Reduce log storage by over 70%? It’s possible.
One approach to logging is to keep everything in a searchable log management system. However, with the volume of logs produced by modern microservices, this approach can quickly become prohibitively expensive. Some organizations attempt to reduce costs by purging old logs on a set schedule, but this results in historical gaps.

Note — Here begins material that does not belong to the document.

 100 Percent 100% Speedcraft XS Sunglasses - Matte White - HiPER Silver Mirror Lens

Another approach is to keep only what is necessary or potentially useful and discard the rest. The first challenge there, though, is knowing what’s useful and what’s not. The second challenge is doing so before the logs are delivered to your storage and analysis endpoint, by which time you’ve already incurred the cost of ingesting them.

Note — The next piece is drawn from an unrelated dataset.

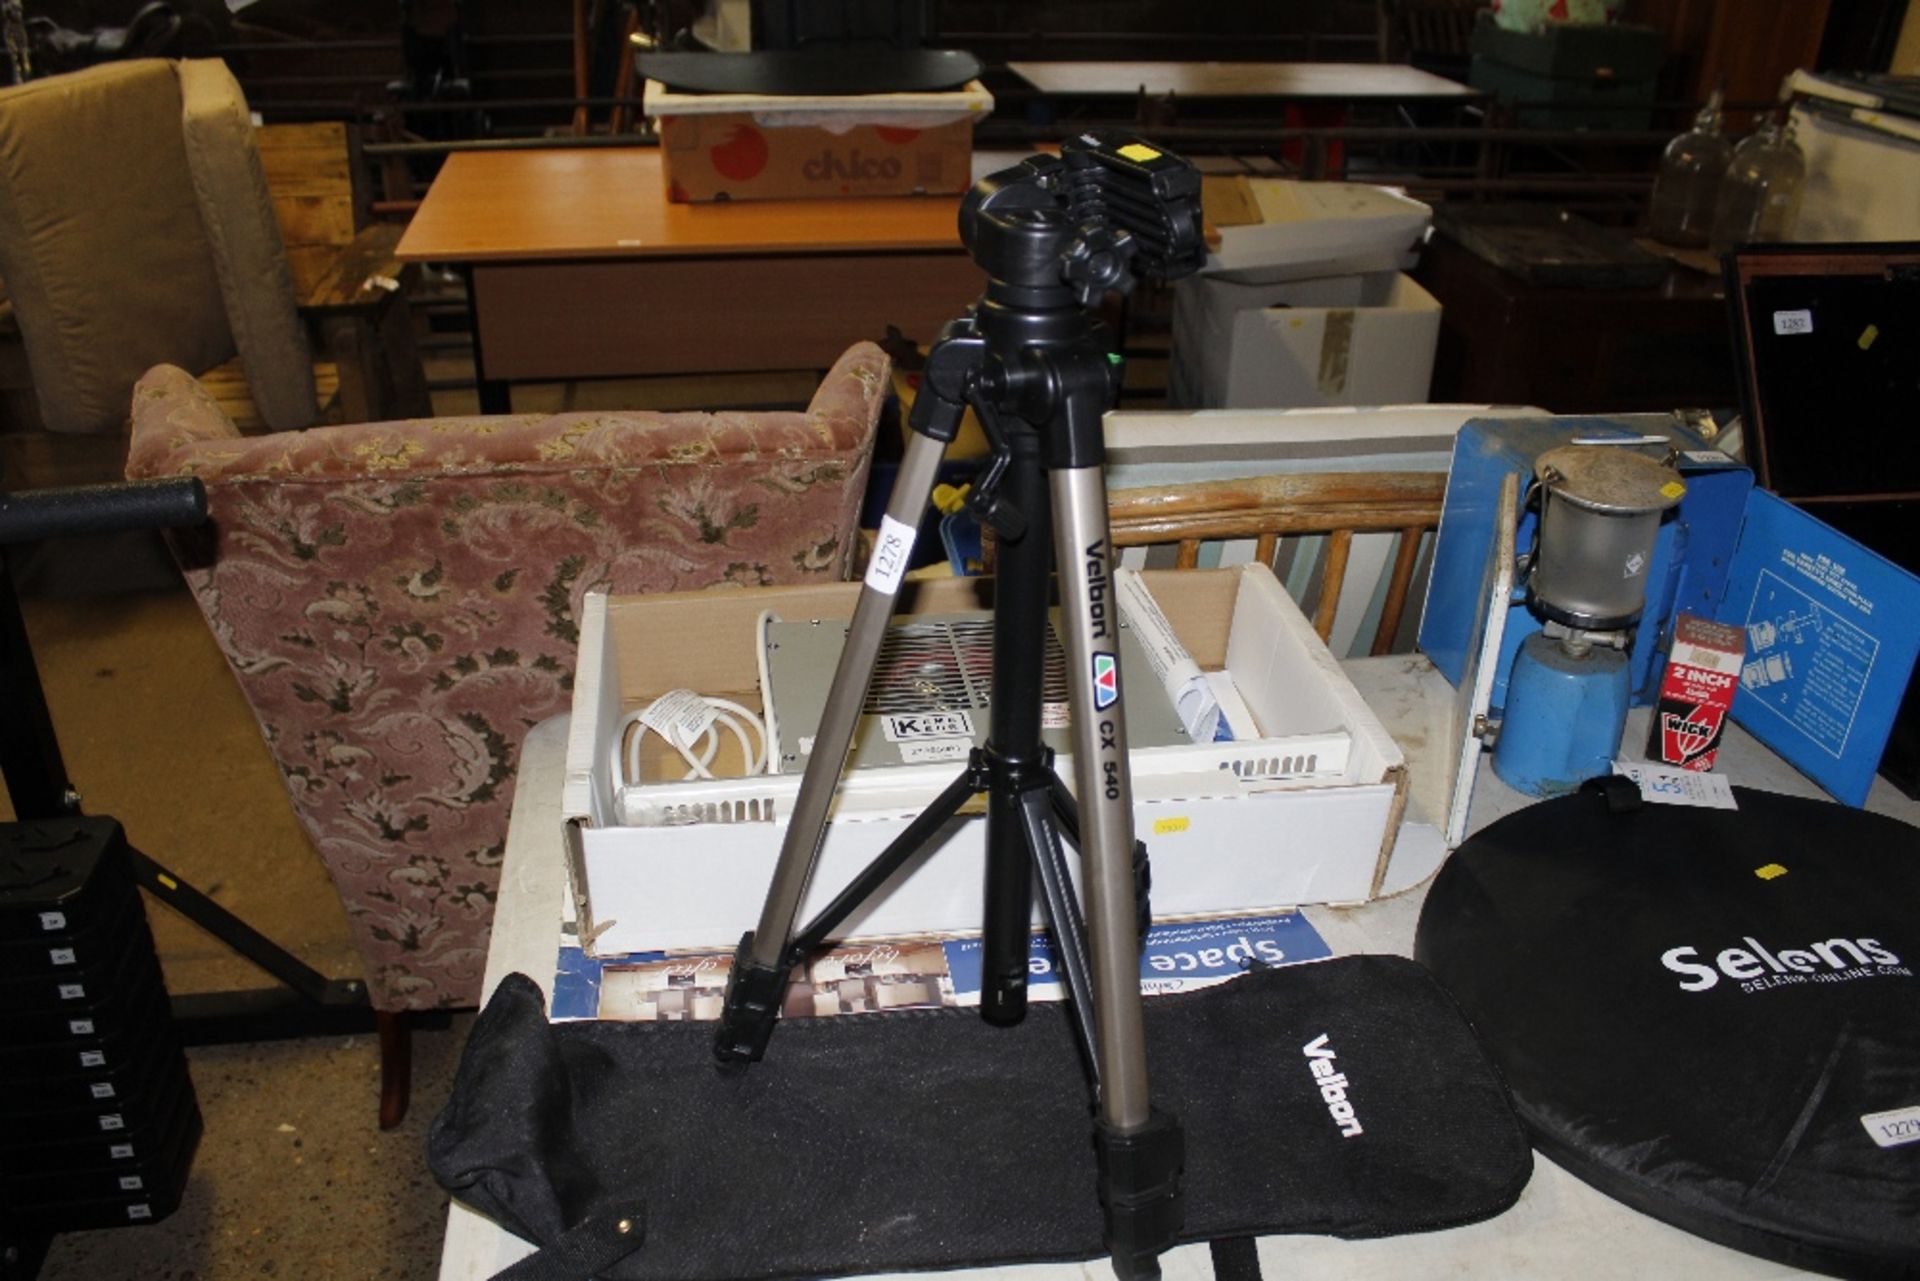 A Velbon camera tripod and bag

In this post, we’ll demonstrate how to use Chronosphere Telemetry Pipeline from the creators of Fluent Bit and Calyptia to process logs in-flight before they are routed and delivered to their destination.

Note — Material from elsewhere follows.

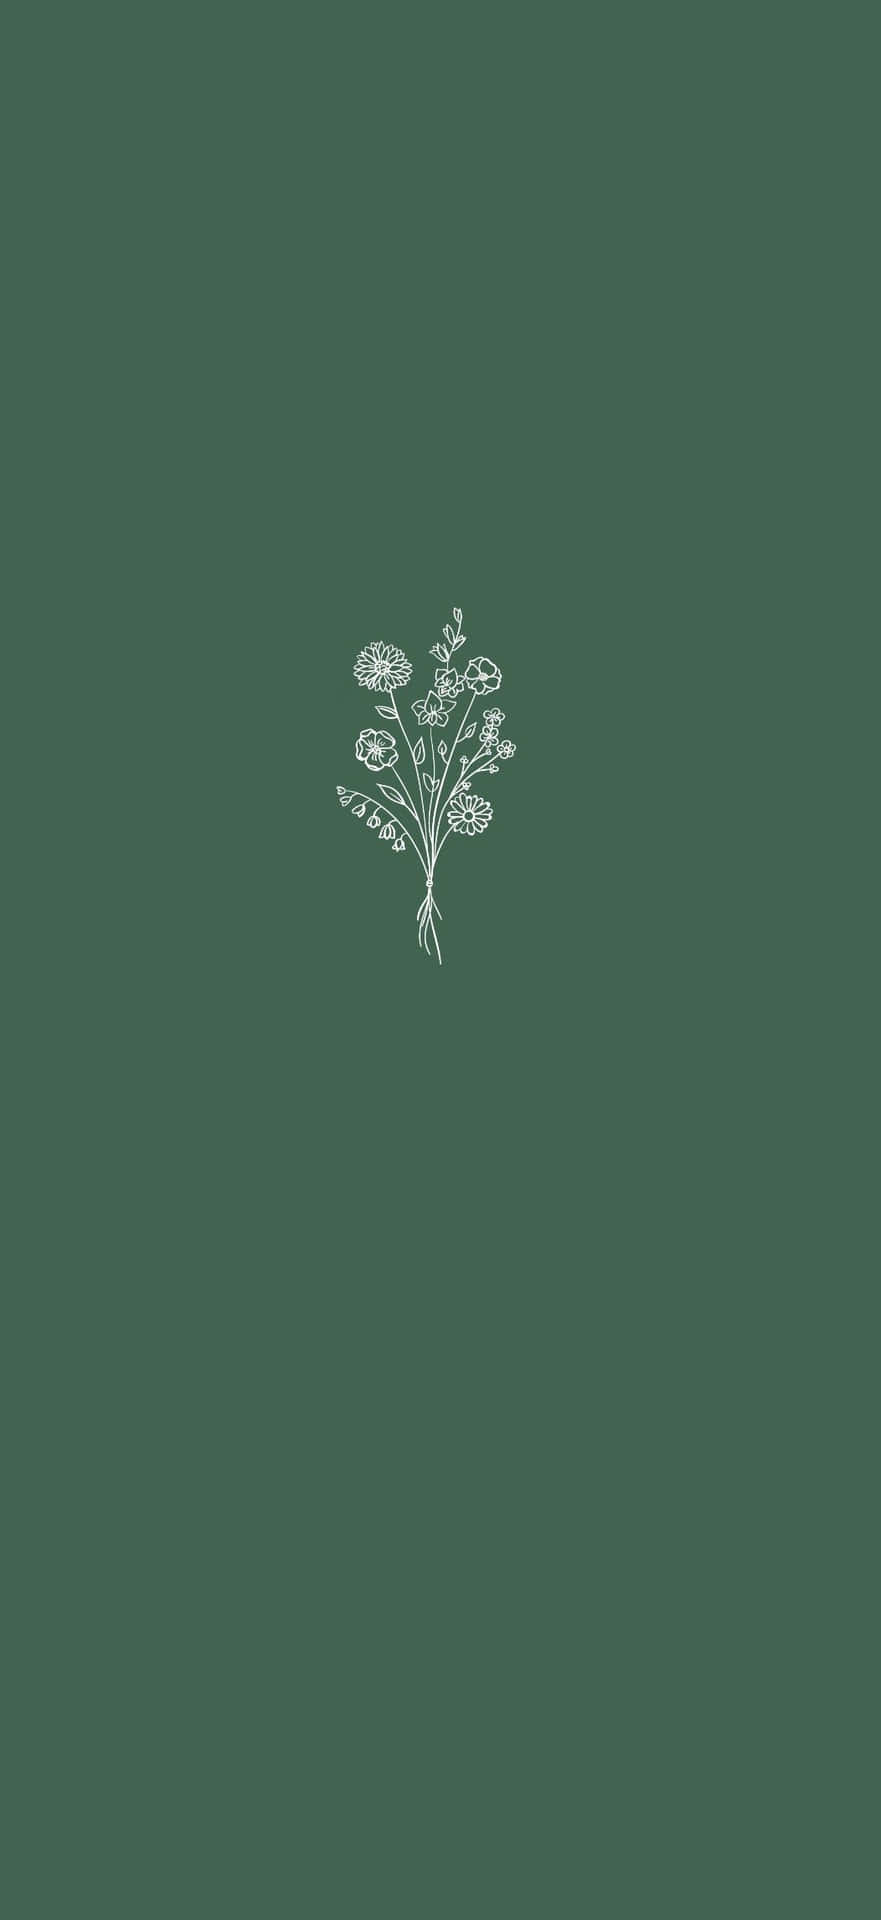 Aesthetic Green Minimal Bouquet Of Flowers Wallpaper

We will first transform the logs from unstructured data into structured JSON to enable structured logging, which makes querying and analyzing the data easier once it is stored. Then while the data is still in-flight, we will identify which logs we want to keep and which we can safely drop, resulting in over 70% reduction in storage.
Getting started
If you are unfamiliar with the concept of telemetry pipelines you may want to start with this overview.
For the purpose of this blog, we’ll be utilizing the Processing Rules Playground feature within Telemetry Pipeline. The playground provides an environment to experiment with processing rule modifications non-destructively. You can import samples of your actual logs, allowing you to precisely gauge the impact of any modifications before implementing them in your live pipeline. Once you are satisfied with your processing rules in the playground, you can export them and apply them to your live pipeline.
If you are following along, find the Processing Rules Playground in the navigation and click the Launch Playground button.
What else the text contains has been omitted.